No se da cuenta de que este y su familia lo han presenciado todo, lanzándose el agraviado sobre él y golpeándolo, mientras lo llama vampiro, iniciándose una pelea entre ambos, que acaban cayendo a una tumba abierta y todavía vacía.

Fuera, Raymond insulta a Francis llamándolo desertor, ante lo que le responde, pues él ni siquiera fue a la guerra, diciendo que fue porque no era apto por la albúmina.

Berthe va a buscar al cura, que les llama la atención, afirmando Joseph ante él, que su vecino robó la cruz de su hijo, diciéndole el cura que él sabe quién se divierte robándolas, pues incluso intentó robar la del altar, viendo todos cómo Michel sale corriendo al verse descubierto.

Corre a esconderse en el viejo molino, ahora convertido en cementerio, lleno de cruces, y junto a cada una de ellas el nombre del animal que yace bajo estas, ya sea el perro, una lombriz, un petirrojo o un pollo.

Para entonces su padre sabe ya que faltan 14 cruces, preguntándose qué pudo hacer con ellas, aunque Michel no aparece por casa temiendo la paliza que le espera.

Decide pasar la noche en el granero, pudiendo ver y escuchar a todos desde arriba, observando cómo Berthe interroga a Paulette, tratando de conseguir que confiese, pues, le dice, las cruces no son juguetes, y le dice que el señor Dollé le dará una paliza, pero que si se lo dice a ella irá a buscar las cruces y no le hará nada.

Pero ella sigue diciendo que no sabe dónde están, amenazando ella con decírselo al señor Dollé, ante lo que Michel le dice que si habla, él también contará lo que hacía ella con Francis en el granero.

Michel está muy satisfecho con su cementerio, pero la niña le dice que irán mejor al día siguiente para no ir de noche, explicándole el muchacho que está muy bonito, pues están todas las cruces y los carteles y puso piedras y flores, platos rotos y caracoles.

Al día siguiente llegan unos gendarmes, escondiéndose Francis, pensando que le buscan a él, pensando los Dollé que les han denunciado por el robo de las cruces, ante lo que Joseph trata de encontrar al niño.

Cuando lo hace, le pregunta dónde están las cruces, negándose él a contárselo, diciéndole el padre que irá a la cárcel, a lo que le responde que lo prefiere.

La niña ve aterrorizada cómo golpea a Michel y llora, aunque entonces entra su mujer, que le pide que lo deje, pues no han ido por las cruces, sino por Paulette.

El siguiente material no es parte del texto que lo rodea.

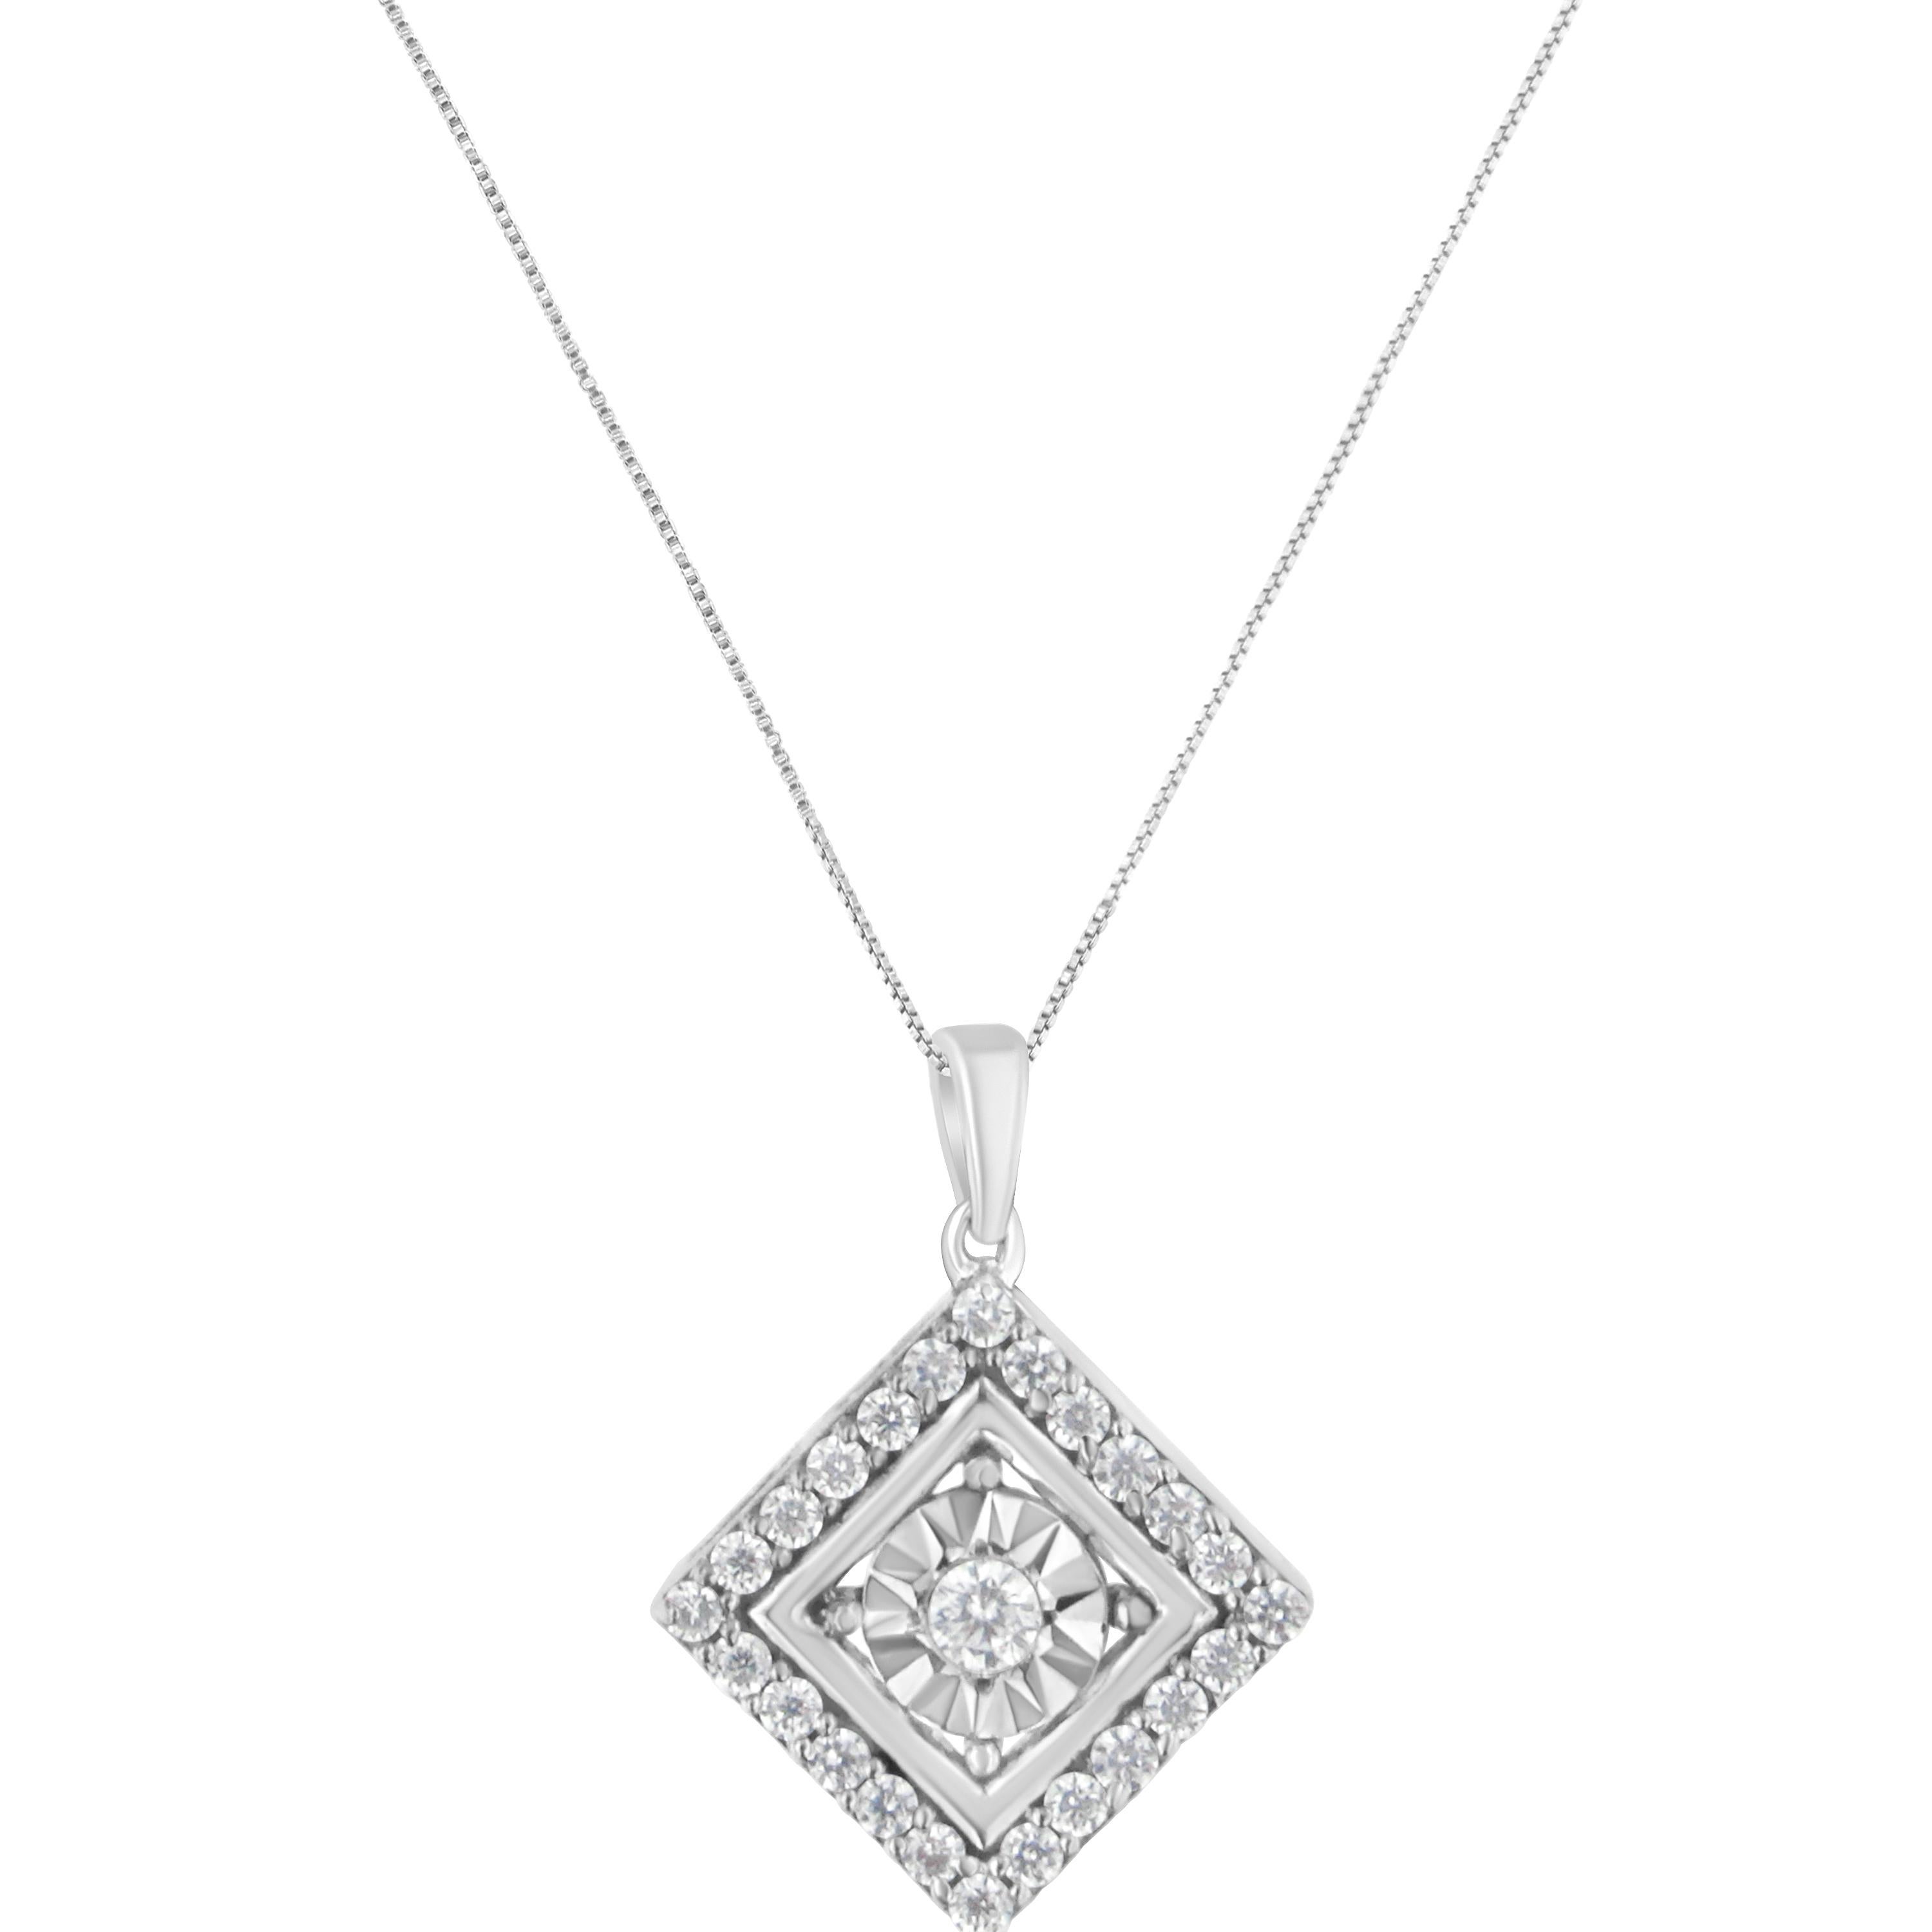 Elegant and unique, this 10k white gold square-shaped pendant will sparkle on your neck. This beautiful necklace features a single, beautiful miracle set, round-cut diamond at the center of the design. The diamond is framed by a layer of white gold,

Él grita que no quiere que se la lleven, diciendo la madre que la llevarán al orfanato con otras niñas y estará bien, pero él les dice que si se queda con ellos les dirá dónde están las cruces, diciéndole el padre que son dos cosas distintas, asegurando el niño que entonces nunca las encontrará.

Les dice luego, que si se queda Paulette además de decirle donde están las cruces irá al catecismo, a la escuela y ayudará en casa.

Cuando se lo prometen, les dice que están en el molino.

Los gendarmes le preguntan a la niña si murieron sus padres en el bombardeo, diciendo la niña que no, y cuando le preguntan cómo se apellida ella dice que Dollé, pues quiere apellidarse como Michel.

Les dicen que la entregarán a la Cruz Roja, pidiéndole a Joseph que firme, llamándolo Michel mentiroso, recordándole que le prometió que se quedaría, y asegurando que no le dará las cruces, tras lo que sale corriendo hacia el molino, y empieza a arrancarlas y a tirarlas al río.

Se queda solo con el collar que colocó ella en la de su perro, y lo cuelga junto al búho, al que le pide que lo guarde.

Llevada al orfanato, a la niña le colocan un cartel con su nombre "Paulette Dollé".

Allí algunas personas tratan de encontrar a sus familiares, y oye a una mujer llamar a una amiga que se llama Michel y ella empieza a gritar también Michel y llora.

Ella comienza a seguirlas y a llorar y a gritar llamando a su madre y a Michel, perdiéndose mientras corre, entre la gente.